OK, so you had a pretty good year, if not a Goldman Sachs $100 million–bonus good year. You can afford to gorge yourself like the overpaid, all-conquering hunter-gatherer you are. A number of pricier-than-thou steakhouses are stocking up on Wagyu “Kobe” beef flown in from Japan, not the knockoff American hybrids raised on ranches in Texas or Colorado. At Nello, on Madison Avenue, fourteen-ounce Wagyu sirloins have been selling for $750 a pop. That’s hardly an exorbitant markup, owner Nello Balan says, considering that after his chefs finally strip away the meat’s blubbery blanket of fat he is paying about $400 per pound. He also offers Wagyu dusted with white truffles. That goes for $1,050 (which would get you about three years’ worth of Lipitor).
“It’s really fucking good,” says Mickey Rourke, the actor and proud carnivore. He ordered one sirloin at Nello, and the buttery, foie gras–like beef was so exquisite he came back the next day, this time with a Romanian model in tow, for more. (“It didn’t even taste like steak,” he says.) Levent Piskiner, who owns the Fifth Avenue jewelry store Gilan, didn’t mind that his bill came to over $800. “It’s a miracle,” he says of the Wagyu, named after a noble strain of cattle from the Kobe region of Japan.

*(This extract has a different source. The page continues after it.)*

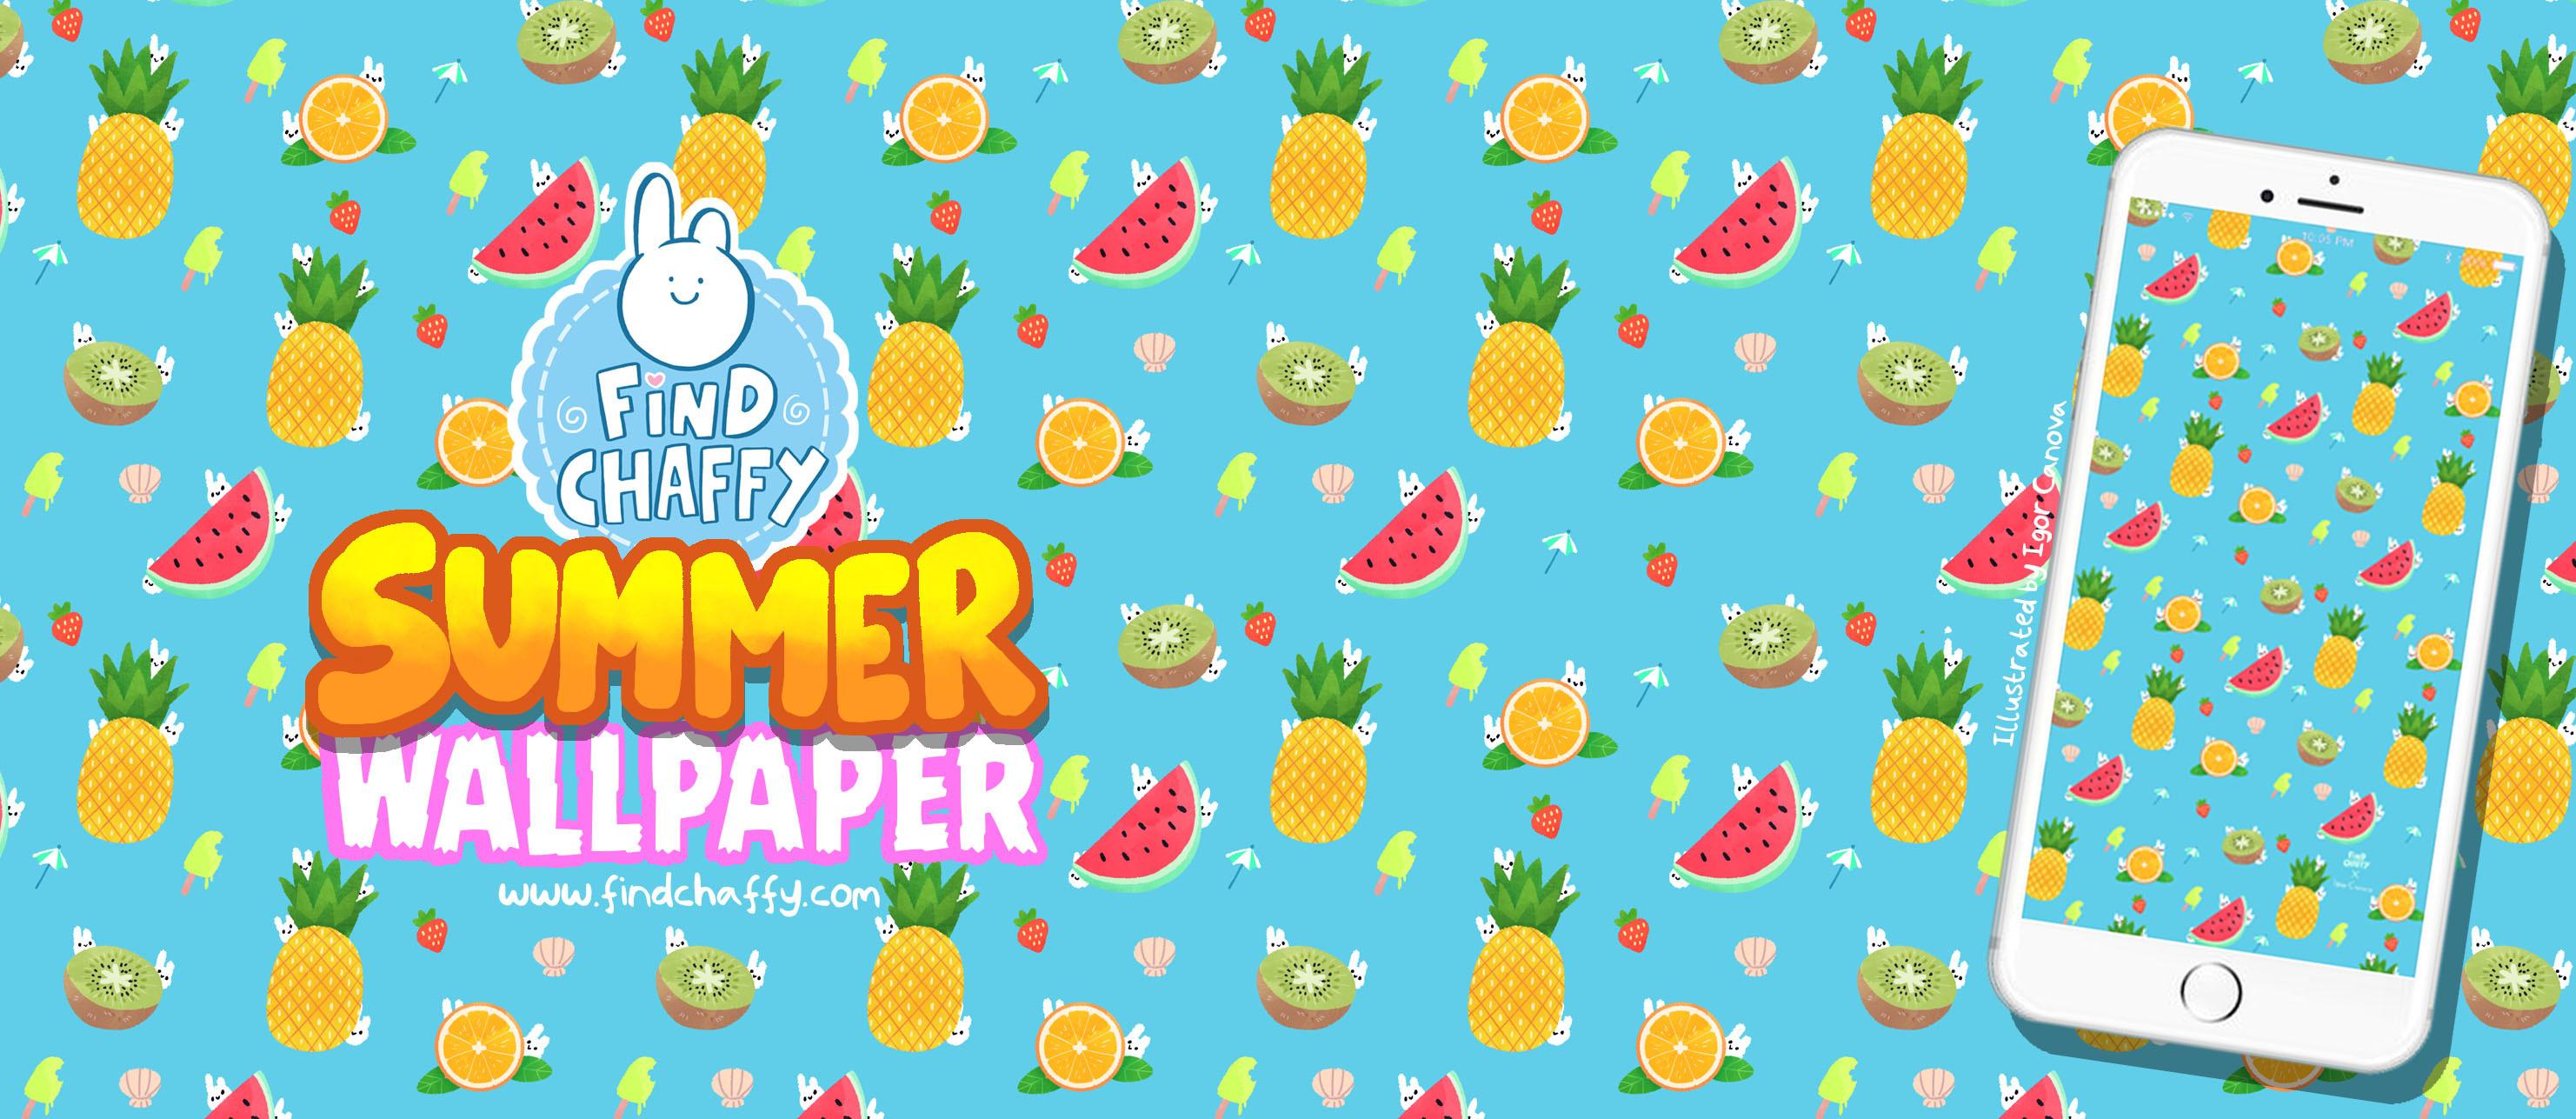 Find Chaffy – Summer wallpaper!

In 2001, the U.S. Department of Agriculture placed a ban on importing meats from Japan, over fears of mad-cow disease. The ban is now over. At Masa, a Wagyu rib eye is $400 for sixteen ounces. At Jeffrey Chodorow’s Kobe Club, grilled Wagyu filet mignon is $160 for eight ounces. He’ll also offer Wagyu hot dogs and sliders made from scraps of excess meat, while BLT Burger serves up Wagyu chuck on a bun ($62, five ounces).
“The key is genes,” says Michael Vernon, the chef at Geisha, where a sixteen-ounce rib eye runs $300. Wagyu is flown in with official papers that feature a nose print and document the animal’s ancestry.